Crimper costs you about 2$

Pffft flathead screwdriver.

...no seriously if you want to buy a crimper spend 10 bucks upwards or so, people have spent more on screwdrivers. A knipex one costs about 30 bucks, we're not talking fibre splicers here. Regarding outlets, those 10 buck LSA Plus things are perfectly fine. Finagling those things with a flathead is way harder if you want more than an electrical connection but actual signal quality.

[–] [email protected] 3 points 1 year ago* (last edited 1 year ago) (1 children)

if you want to buy a crimper spend 10 bucks upwards or so, people have spent more on screwdrivers.

We live in different economies

380₽ right now, about 3.8$

[–] [email protected] 1 points 1 year ago* (last edited 1 year ago)

It's not that you can't get crimpers that cheap here (cheapest I found on Amazon is 3.50 Euros, incl. 19% VAT) it's that they're almost guaranteed to be made from chinesium with the engineering and manufacturing precision to match. There's a difference between inexpensive and cheap.

[–] [email protected] 7 points 1 year ago (2 children)

For me, its more running lines through the walls of my old house.

[–] [email protected] 2 points 1 year ago (1 children)

I'll just say: attic. That's all.

[–] [email protected] 1 points 1 year ago (1 children)

Going to be tricky dropping cables from the attic of my three story house into my first-floor home office.

[–] [email protected] 1 points 1 year ago

Up from the basement?

If it's an unfinished basement, easy. If it's finished, that feels bad man.

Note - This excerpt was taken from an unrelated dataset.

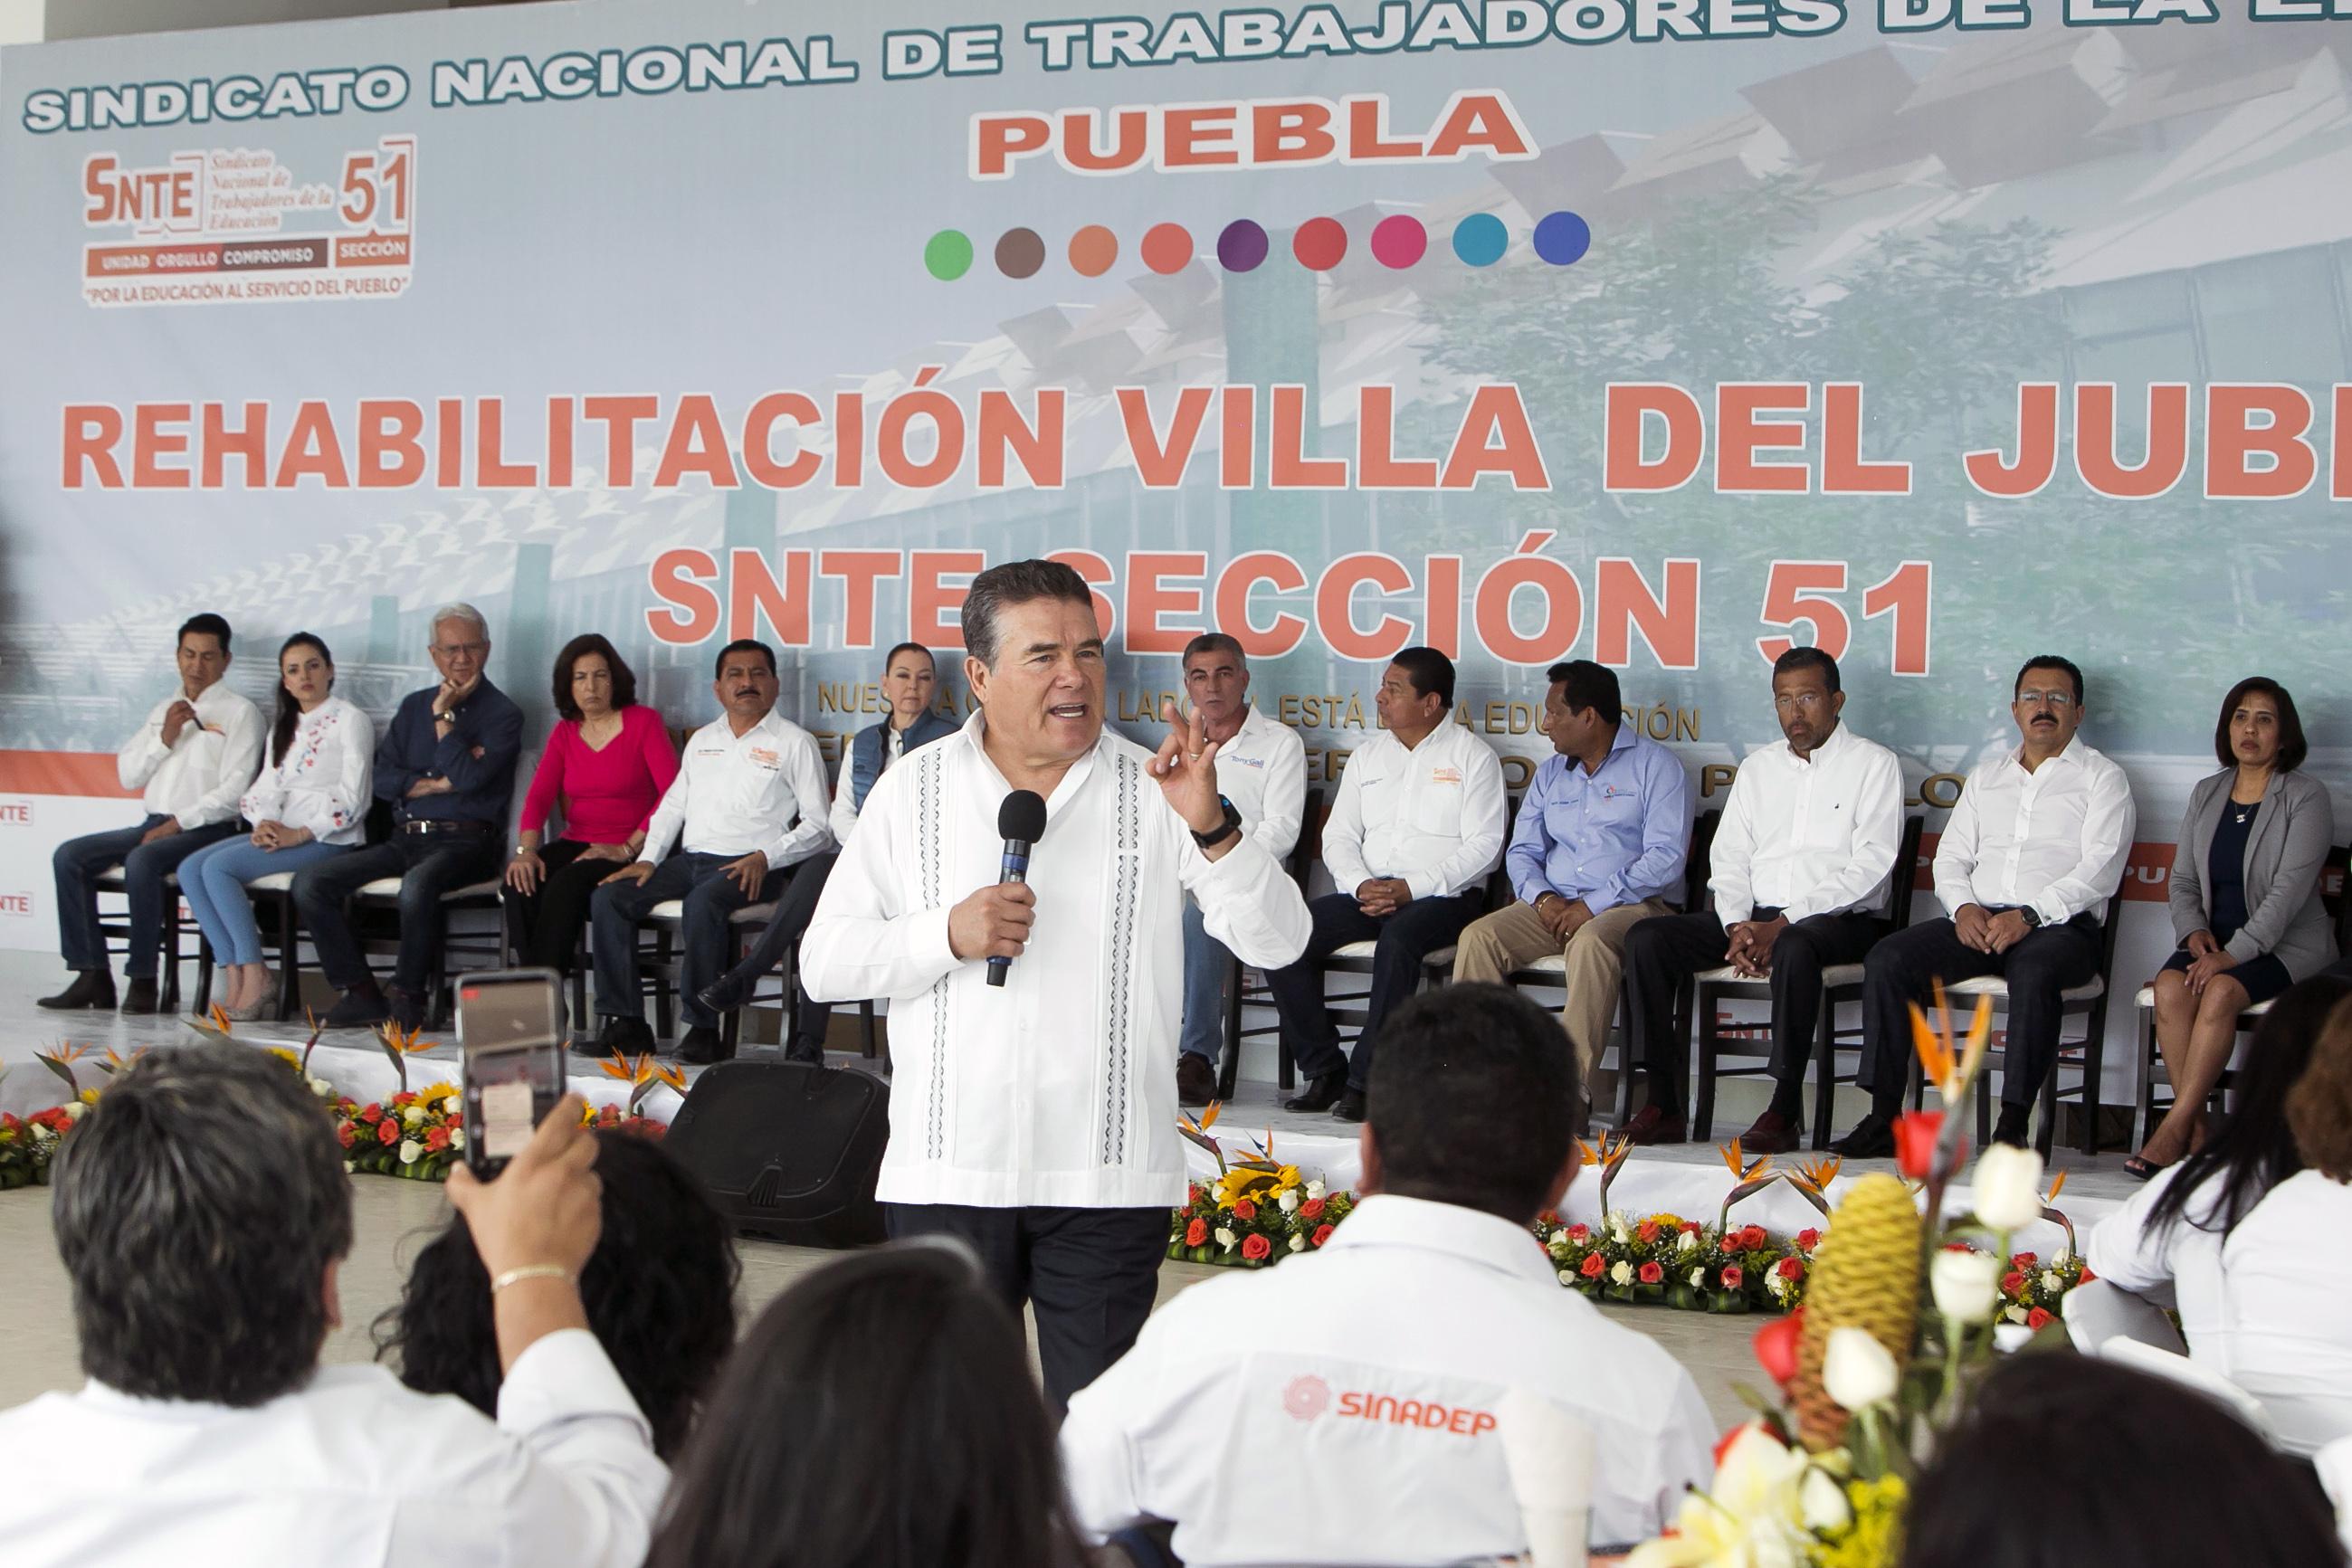 El SNTE da la lucha por sus jubilados – Raúl Sánchez Carrillo TV

[–] [email protected] 2 points 1 year ago

Depending on local building codes, you can run them through vents so long as they're fireproof coated, but TBH that's pretty silly.

[–] [email protected] 4 points 1 year ago* (last edited 1 year ago) (1 children)

Pretty sure the biggest cost of crimping your own cables is finding a place to store the remaining spool.

Or ensuring the spool is still useful 15 years later while everything has migrated to SFP/QSFP

[–] [email protected] 1 points 1 year ago

Or ensuring the spool is still useful 15 years later while everything has migrated to SFP/QSFP

Nah, the remaining spool will be useful for the rest of its/your lifetime, it always comes in handy as a generic 4-pair twisted pair signal cable for any non-ethernet purpose. I've used my old spool twice this year; first for an m-bus cable to my power meter and then for a limit switch for my garage door.

[–] [email protected] 3 points 1 year ago

That's me lol. I'm still sitting on my spool of Cat6 I bought a few years ago. At pre-COVID prices it was approximately (CAD) $1 per termination, and $1 per 6 feet of cable.

Today at Infinite Cables and other Canadian stores I can buy premade lengths at almost those costs, shockingly. Prices really came down.